◆ Aim of the exercise:
Every line from the one containing "Kelton Market Umbrellas" through the end of the listing below must be given again exactly, and nothing else; exclude pictures.

◆ Given information:
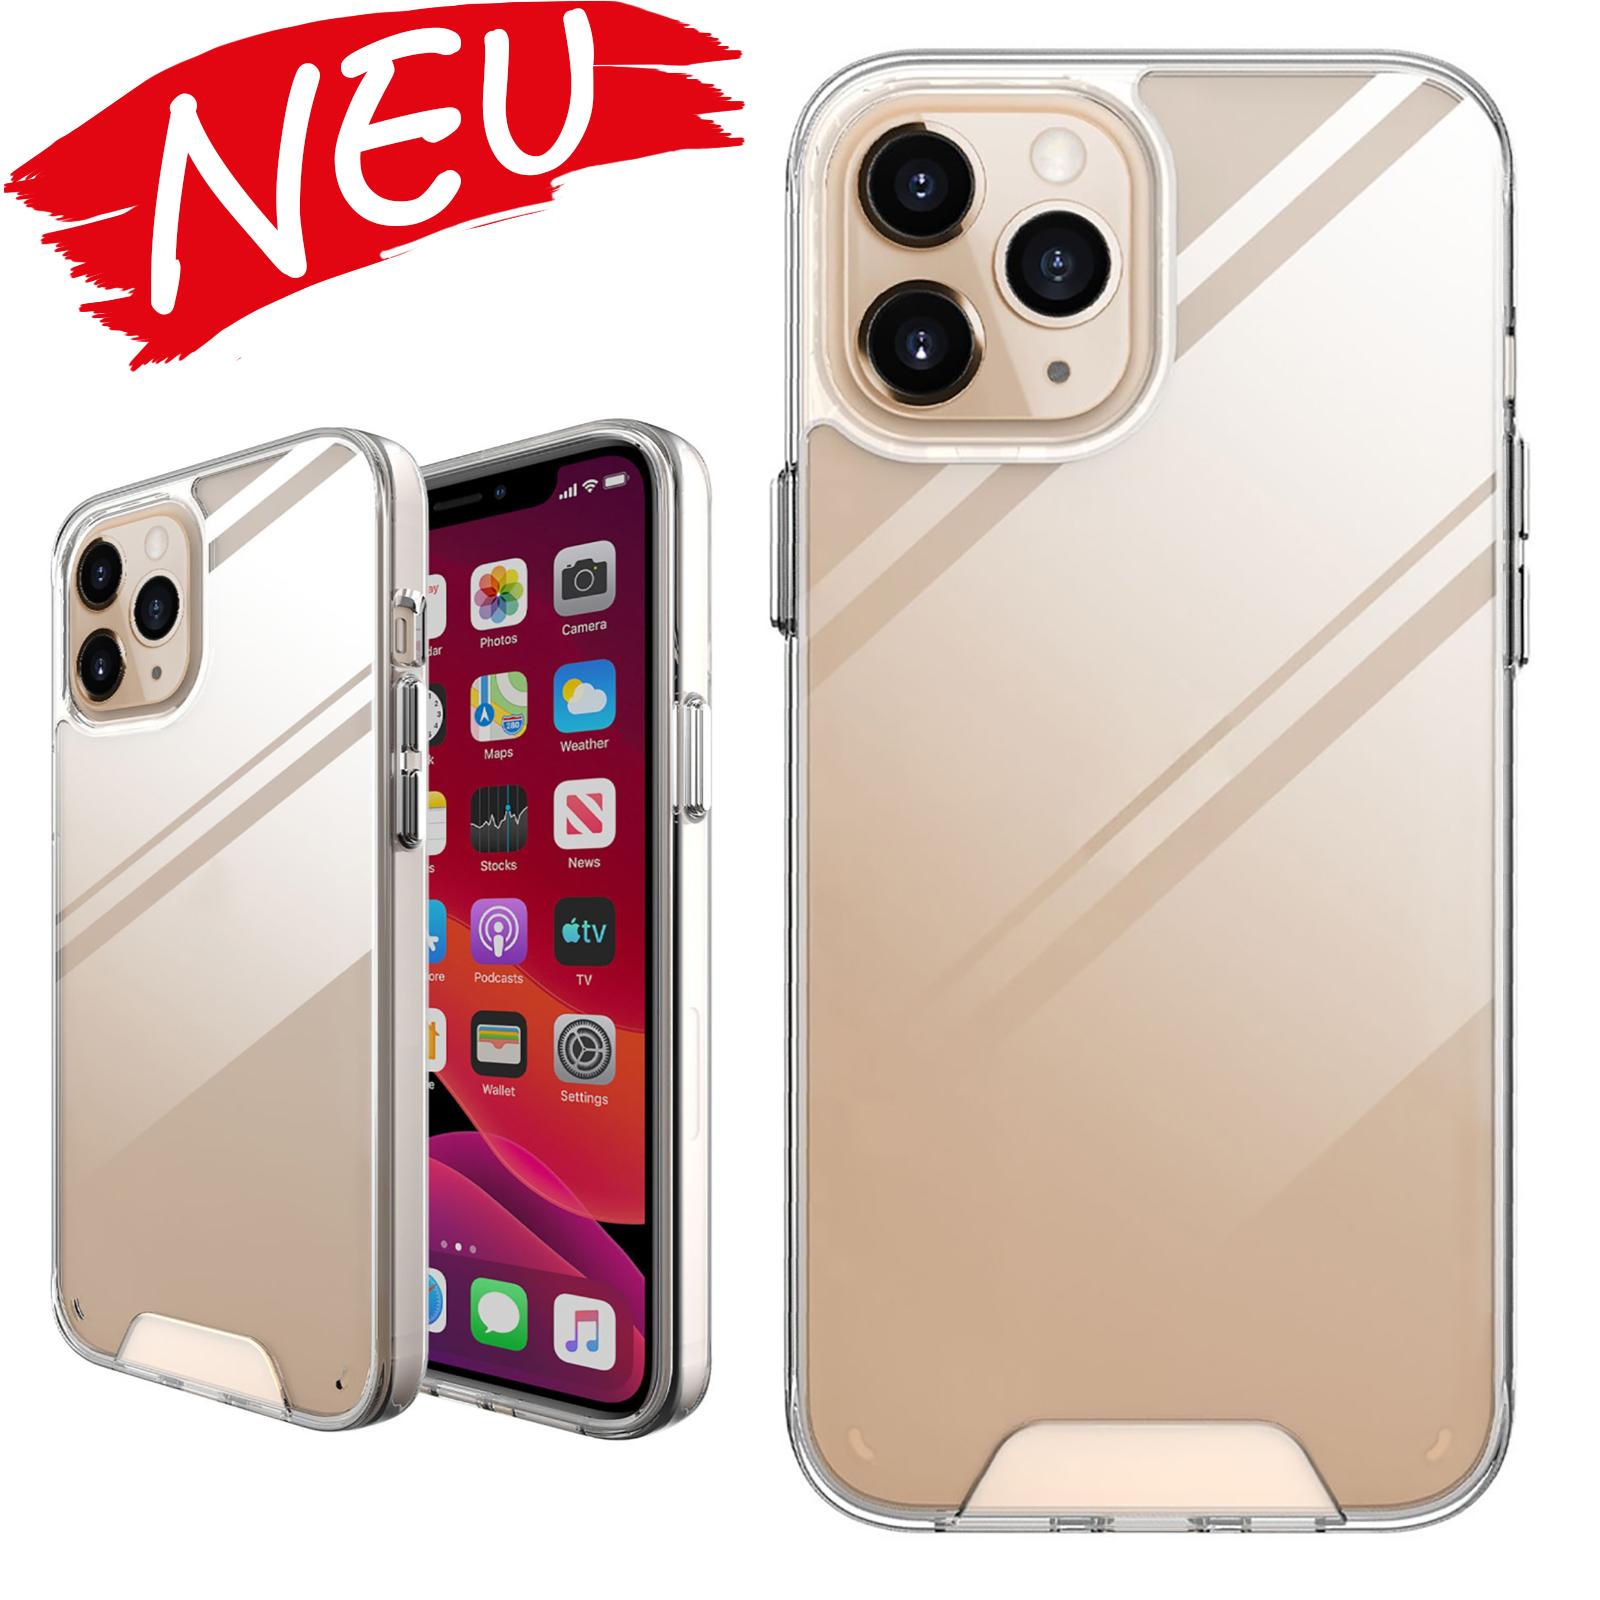 Für iPhone 12 mini Kratzfestes TPU + Acryl Weltraum-Etui Schutzhülle (Transparent)
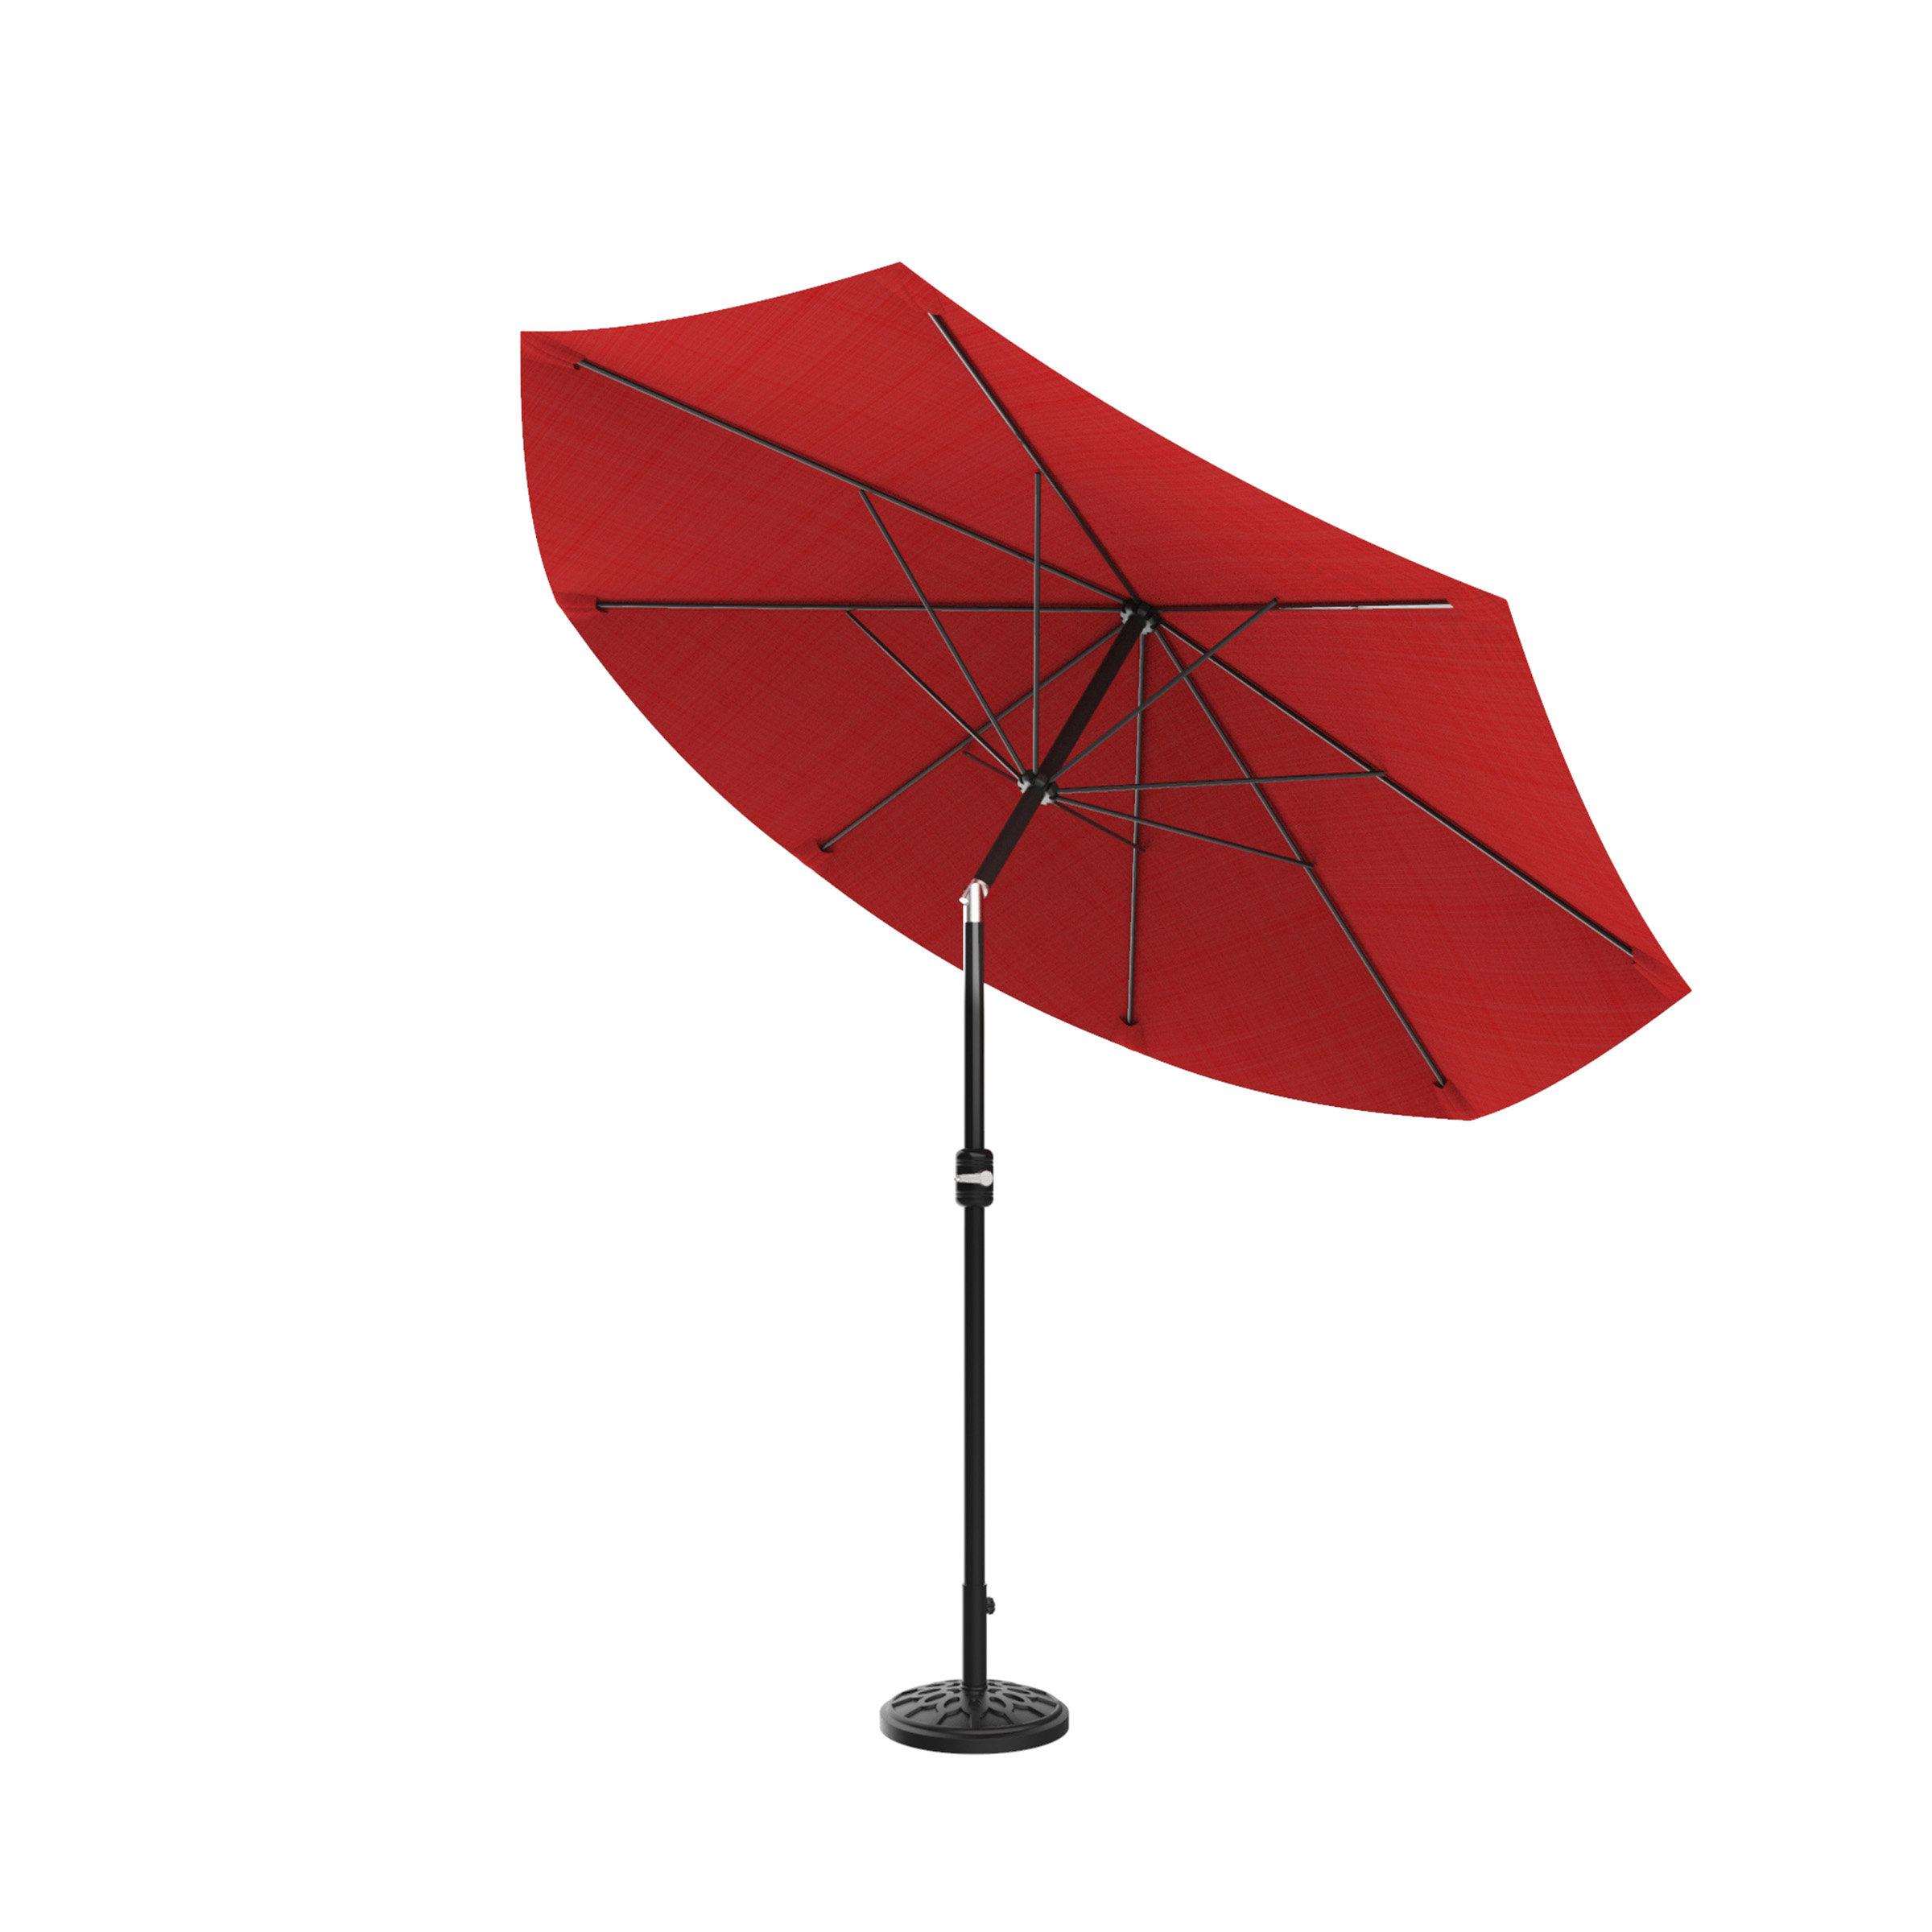 Kelton Market Umbrellas Within Popular Beachcrest Home Kelton 10' Market Umbrella (Gallery 5 of 20)
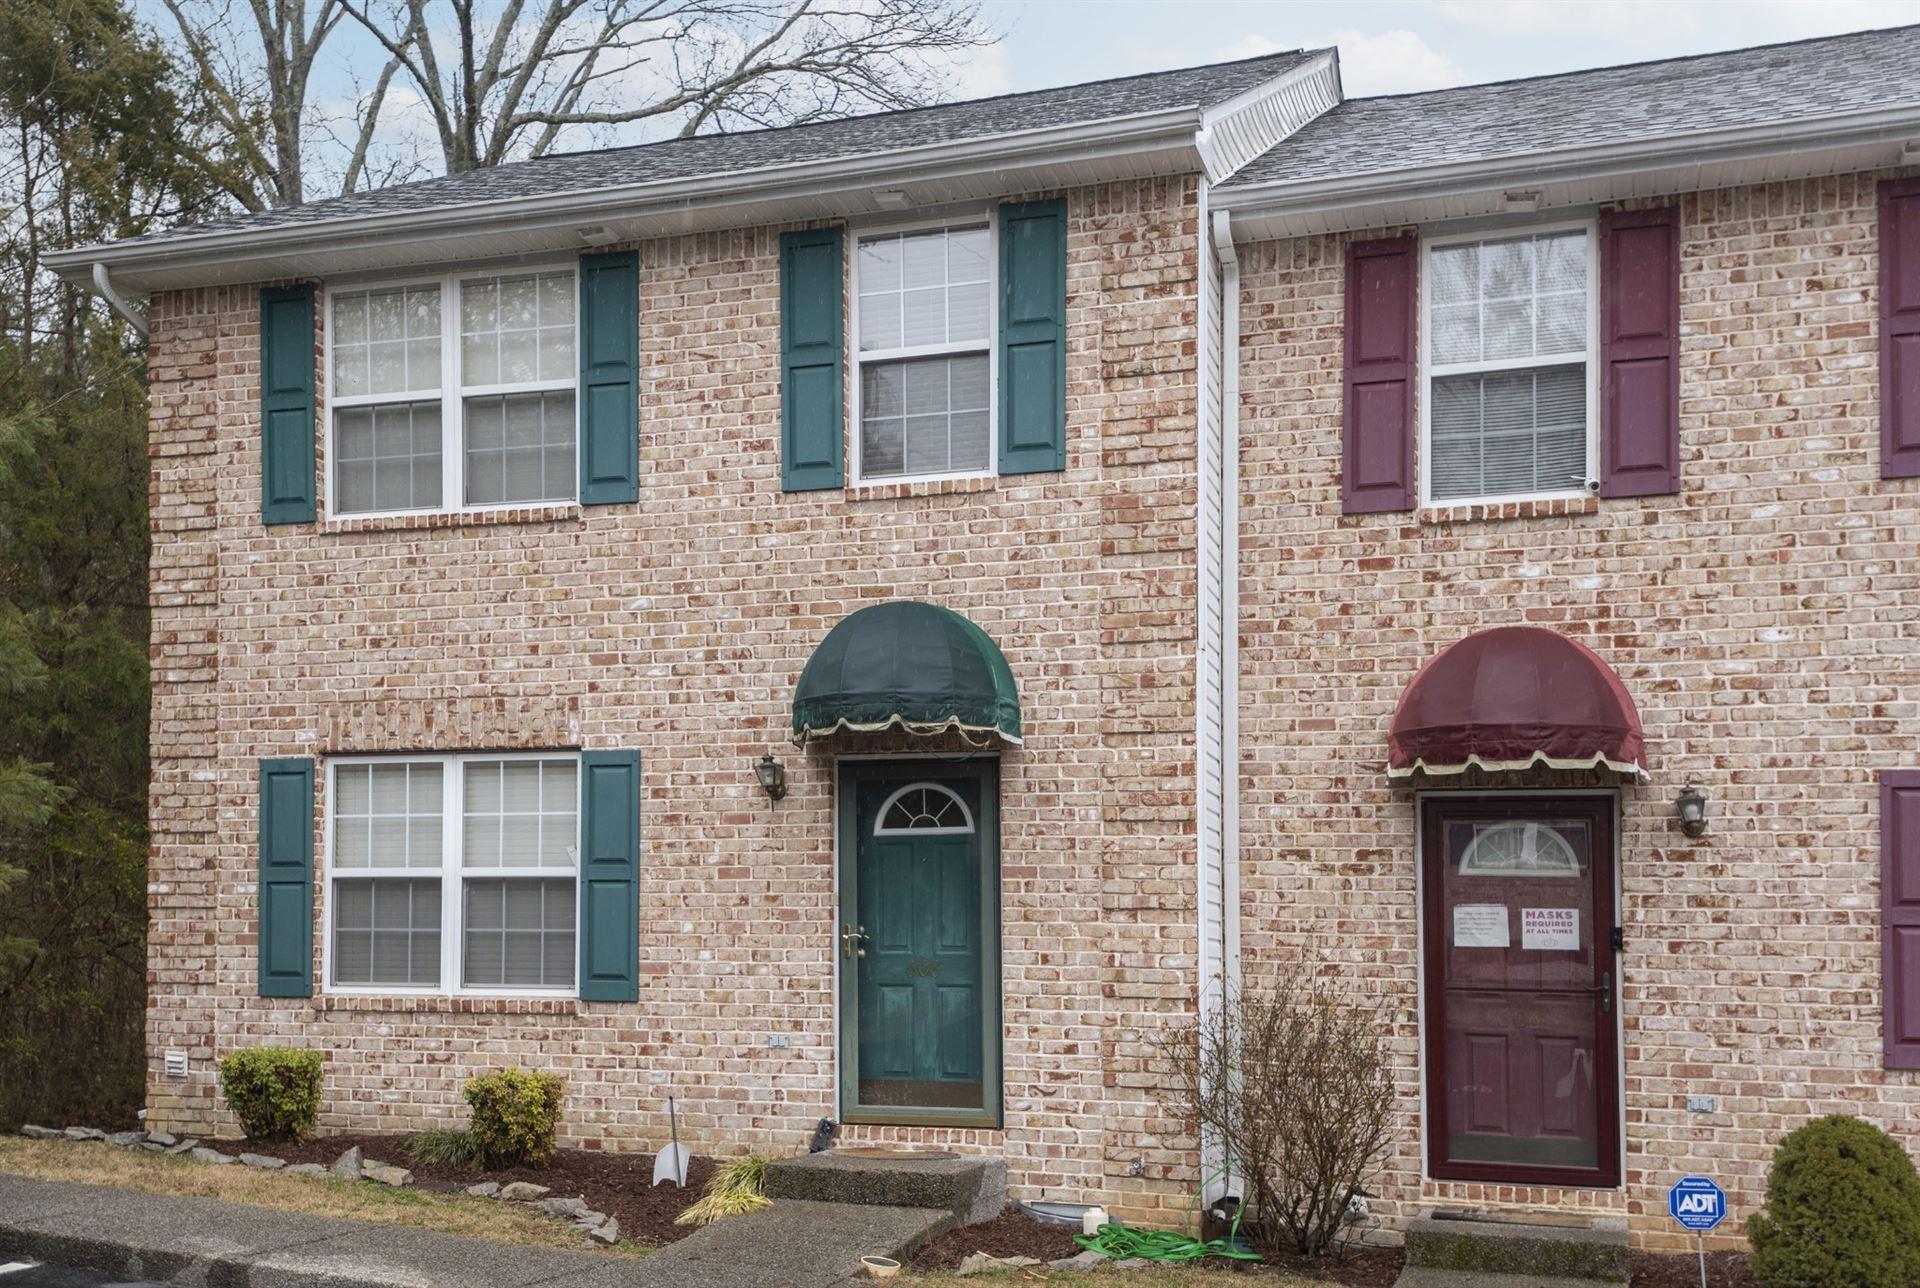 5170 Hickory Hollow Pkwy #608, Antioch, TN 37013 - MLS#: 2232645

◆ Response to the exercise:
 Kelton Market Umbrellas Within Popular Beachcrest Home Kelton 10' Market Umbrella (Gallery 5 of 20)
 5170 Hickory Hollow Pkwy #608, Antioch, TN 37013 - MLS#: 2232645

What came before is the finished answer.